Exercise material START

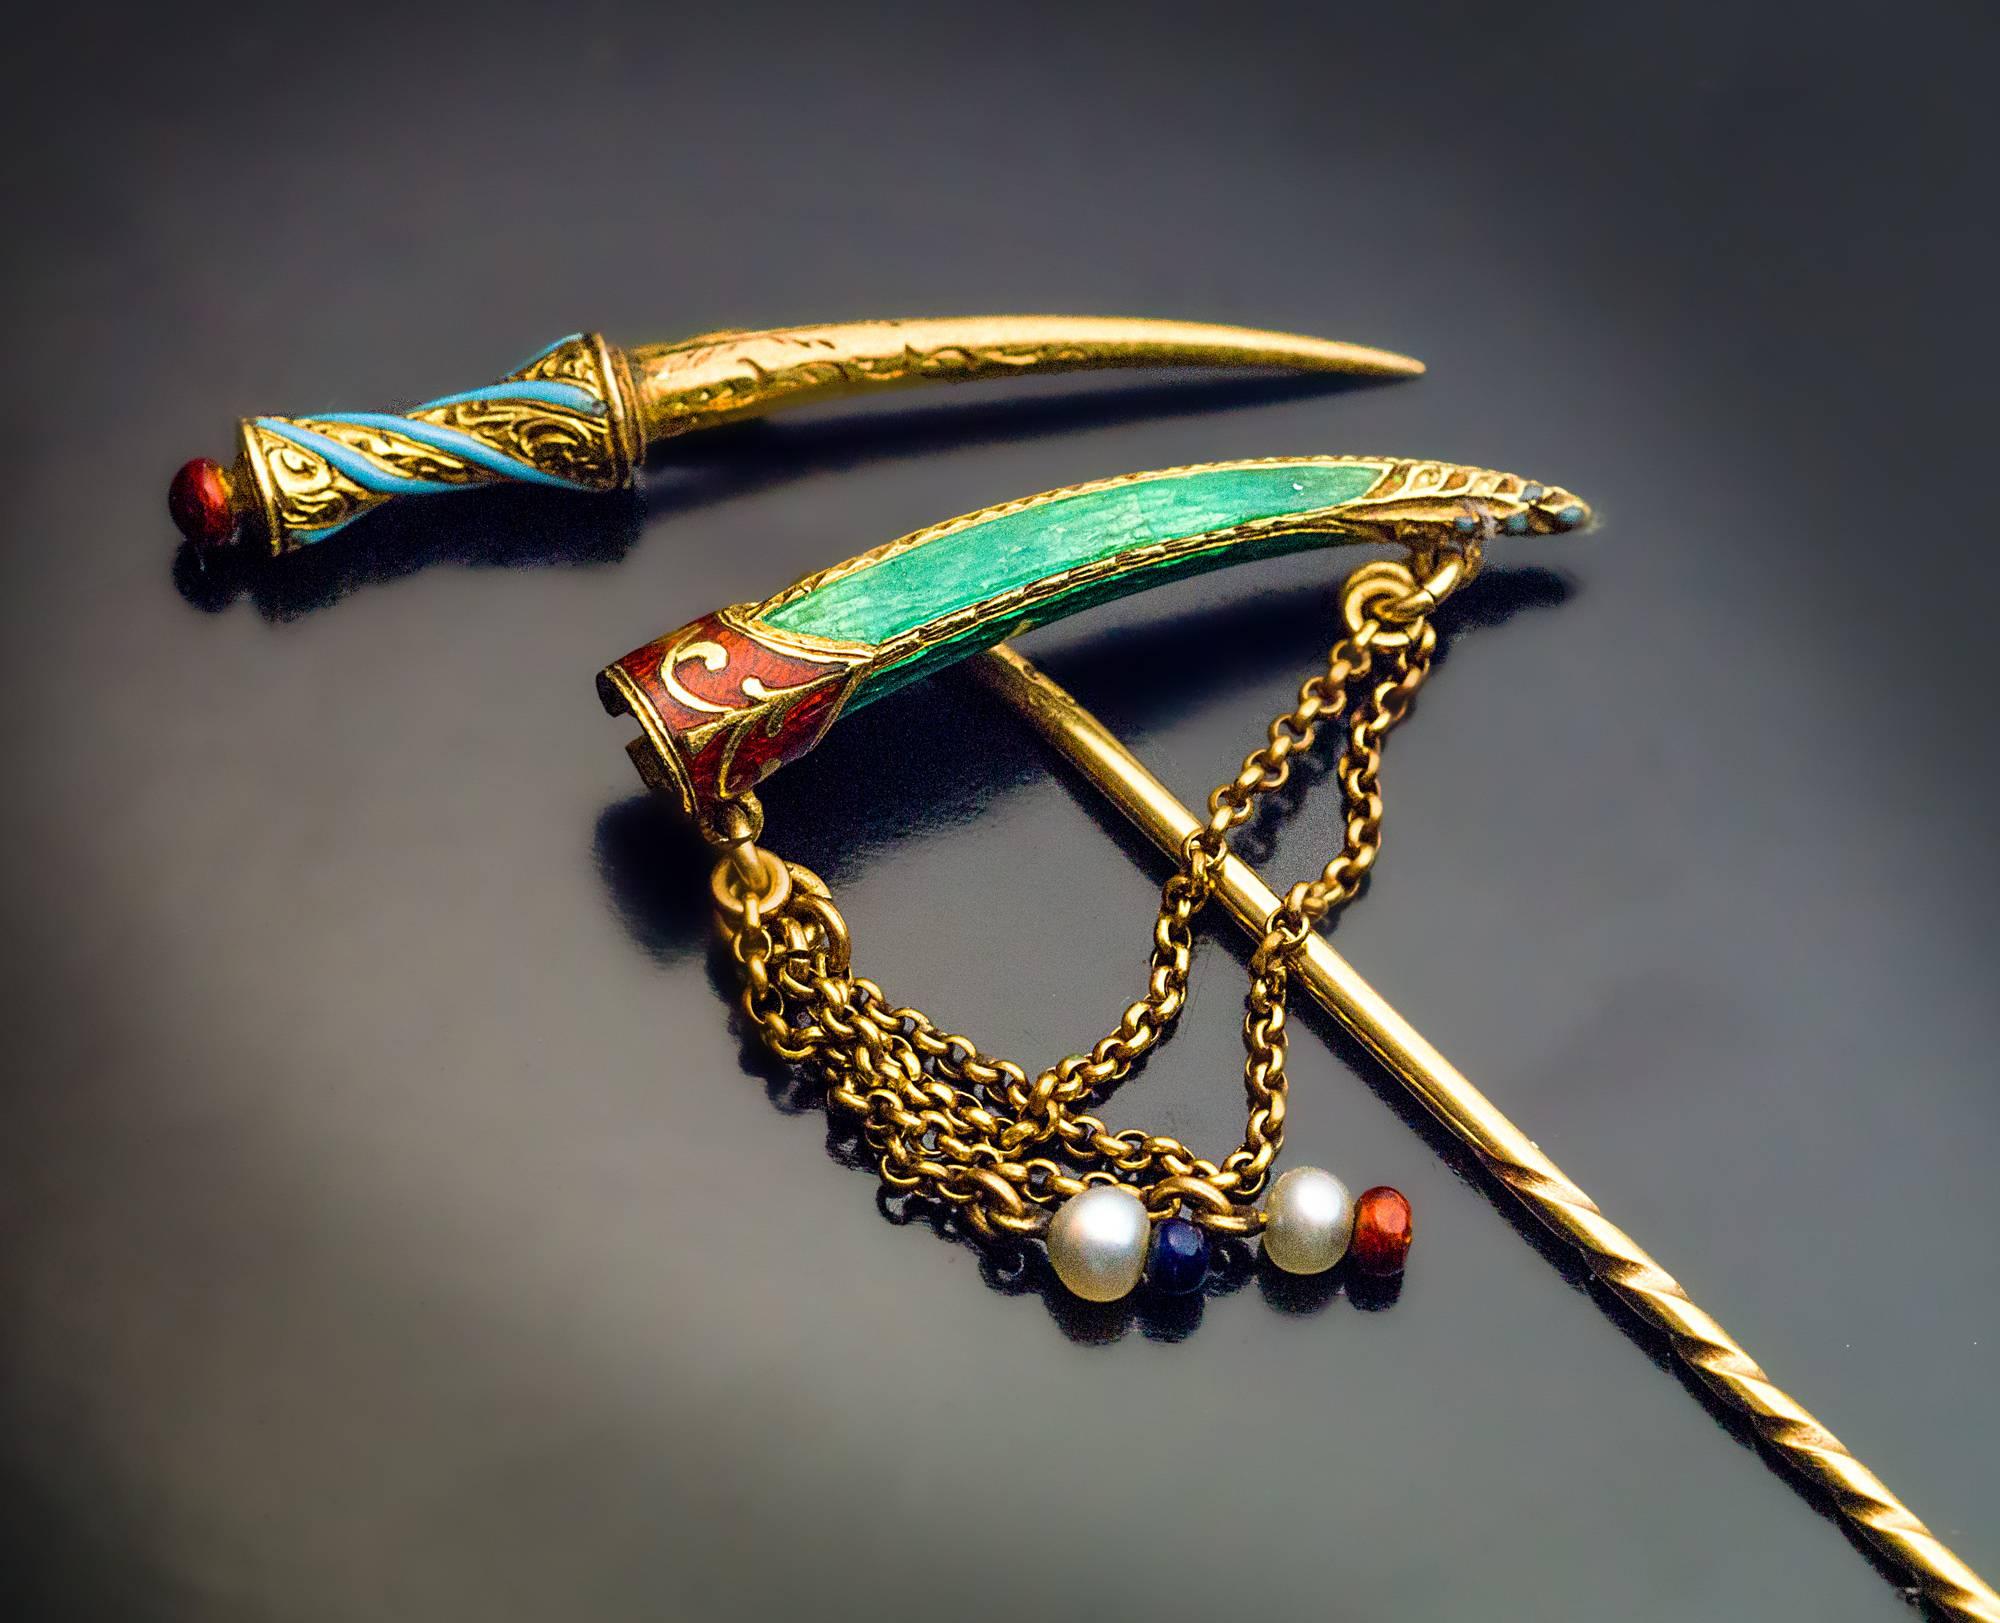 Made in the late 1870s

The 18K gold stickpin is naturalistically modeled as a miniature Turkish dagger embellished with red & green guilloche enamel, turquoise opaque enamel, pearl and enamel beads hanging on two gold chains.

It is a rare
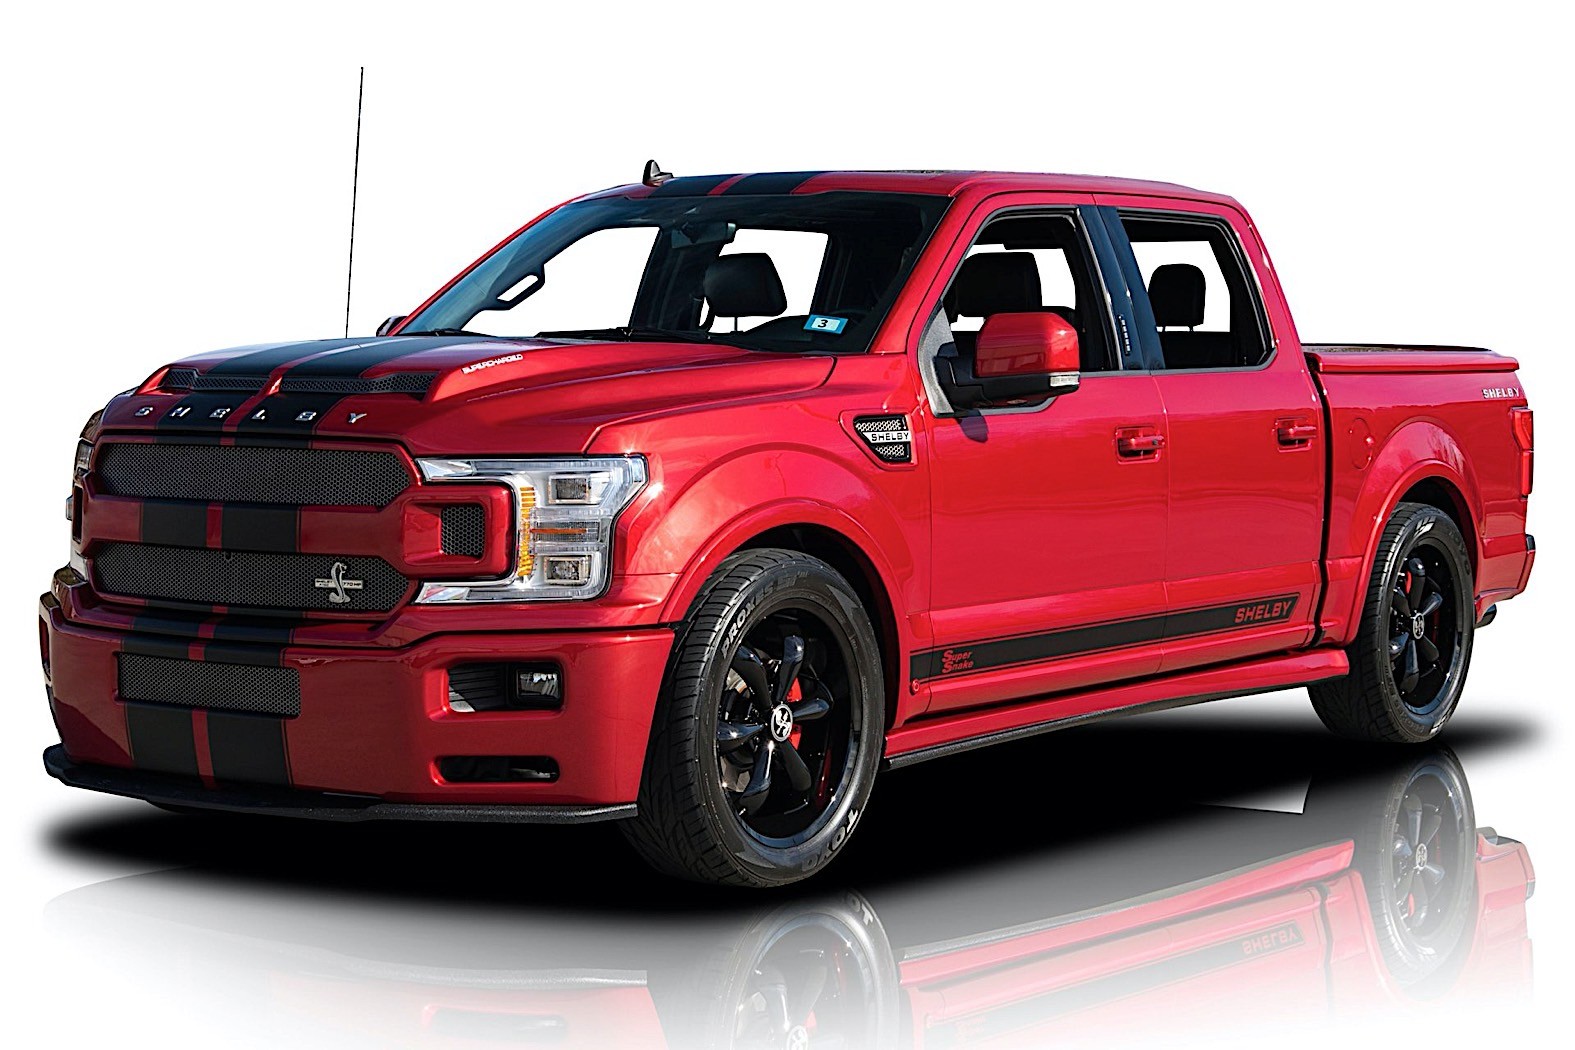 One Got Tired of a 2020 Shelby F-150 Super Snake Fast, Selling It for
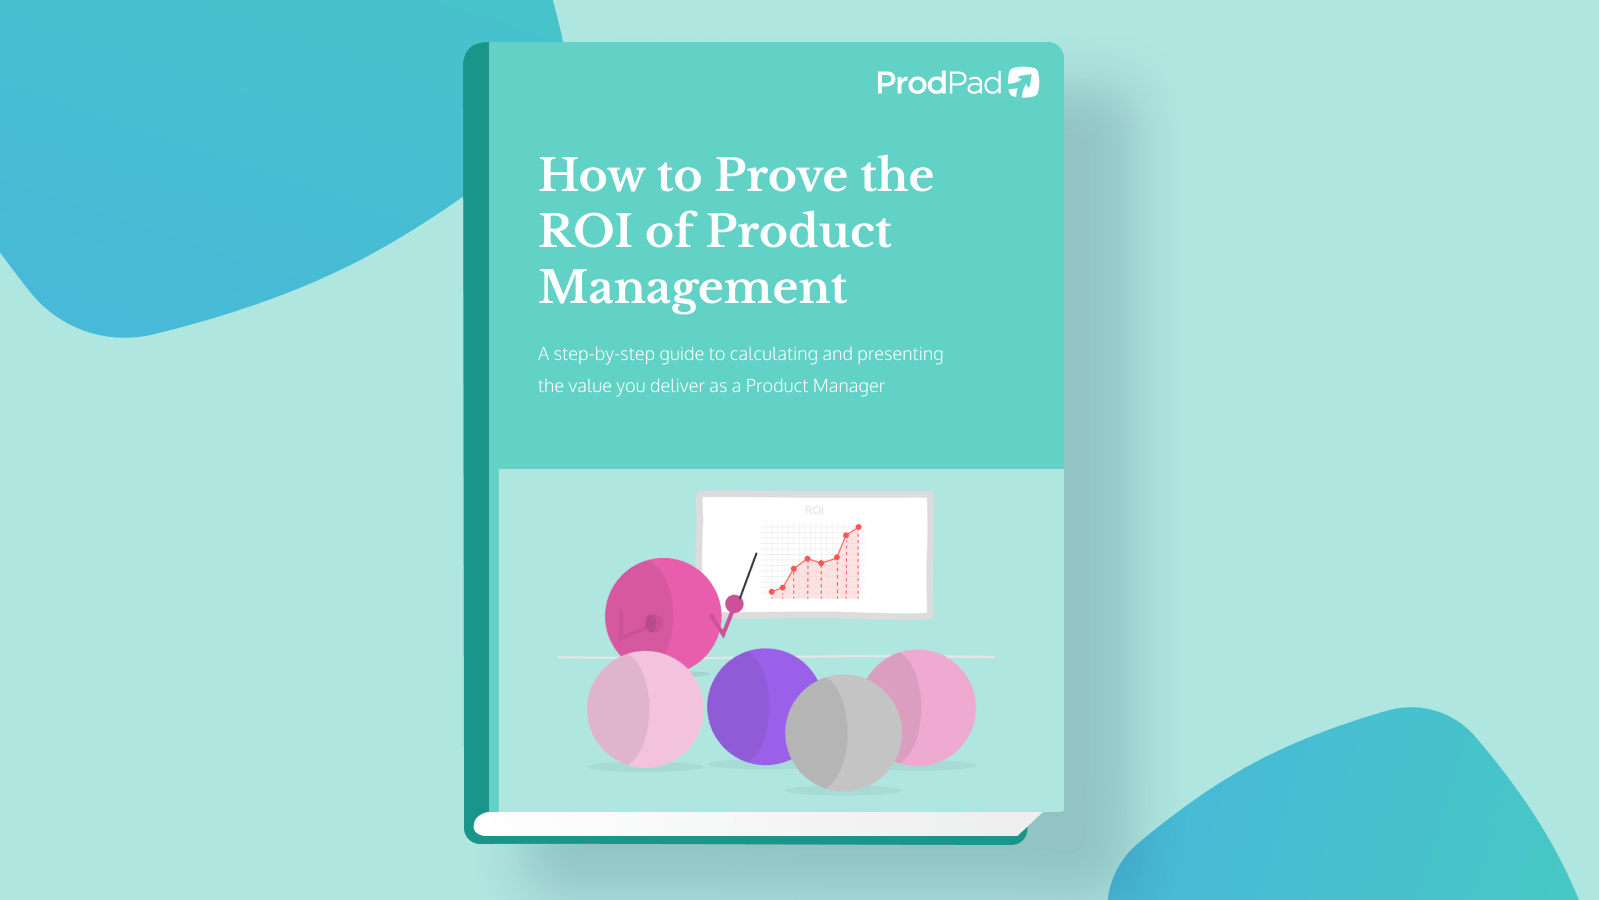 Get your practical guide to calculating the financial value you deliver as a Product Manager.
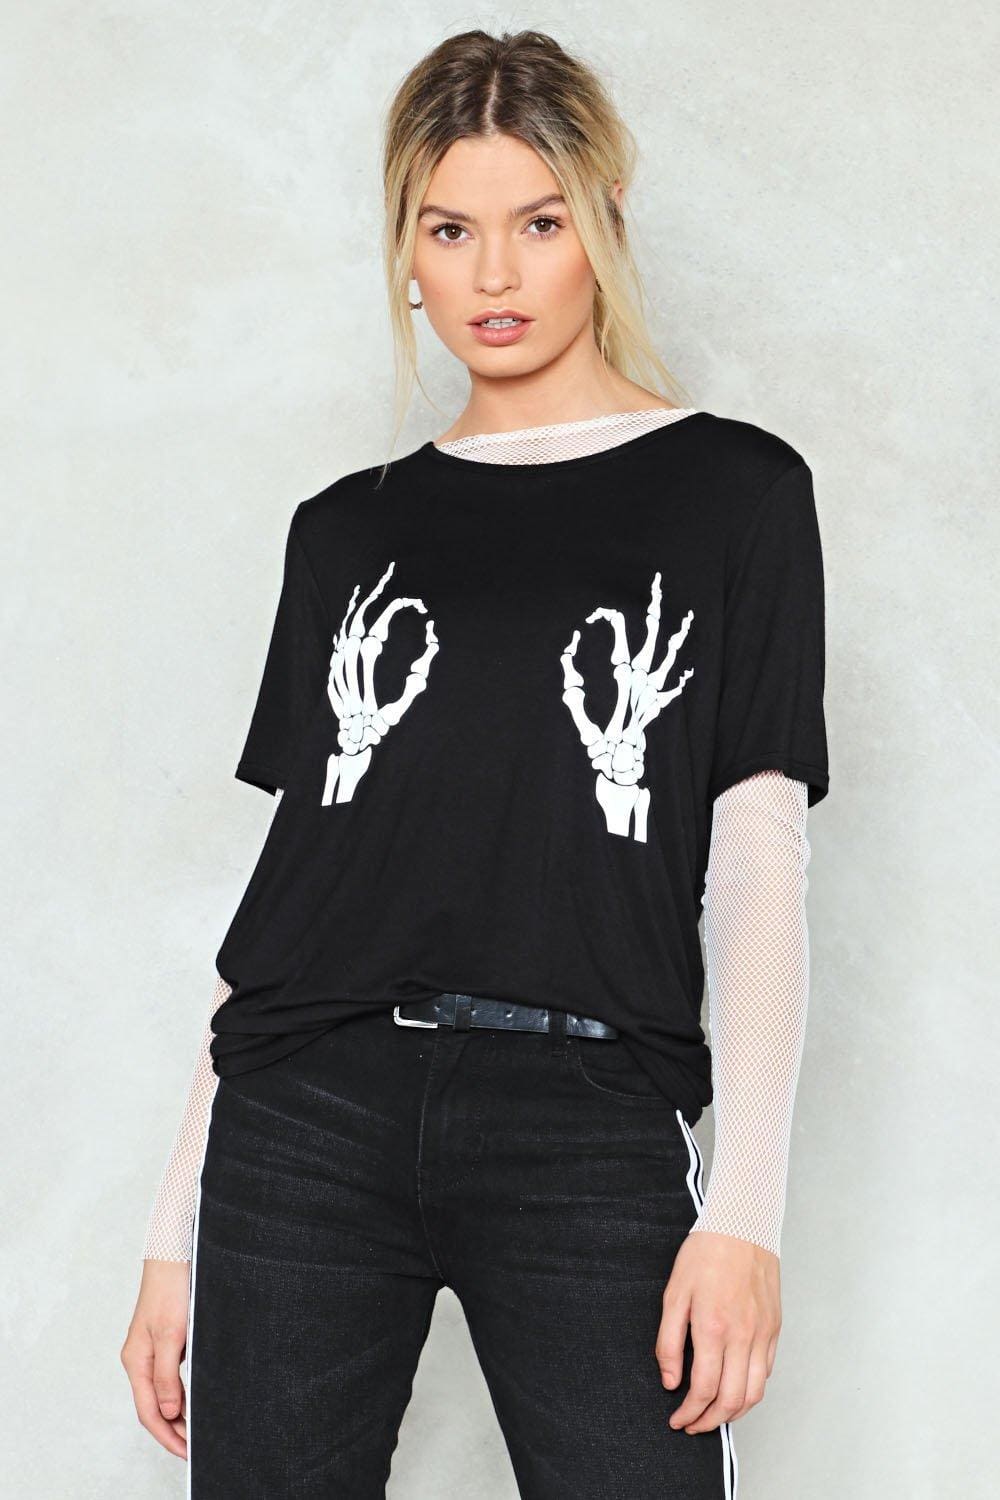 Skeleton hands tee in black and white

Exercise material END

The task: Write out exactly the lines from the one containing "One Got Tired" through the end of the entries, both included. Pictures are not copied.

Result below:
 One Got Tired of a 2020 Shelby F-150 Super Snake Fast, Selling It for
 Get your practical guide to calculating the financial value you deliver as a Product Manager.
 Skeleton hands tee in black and white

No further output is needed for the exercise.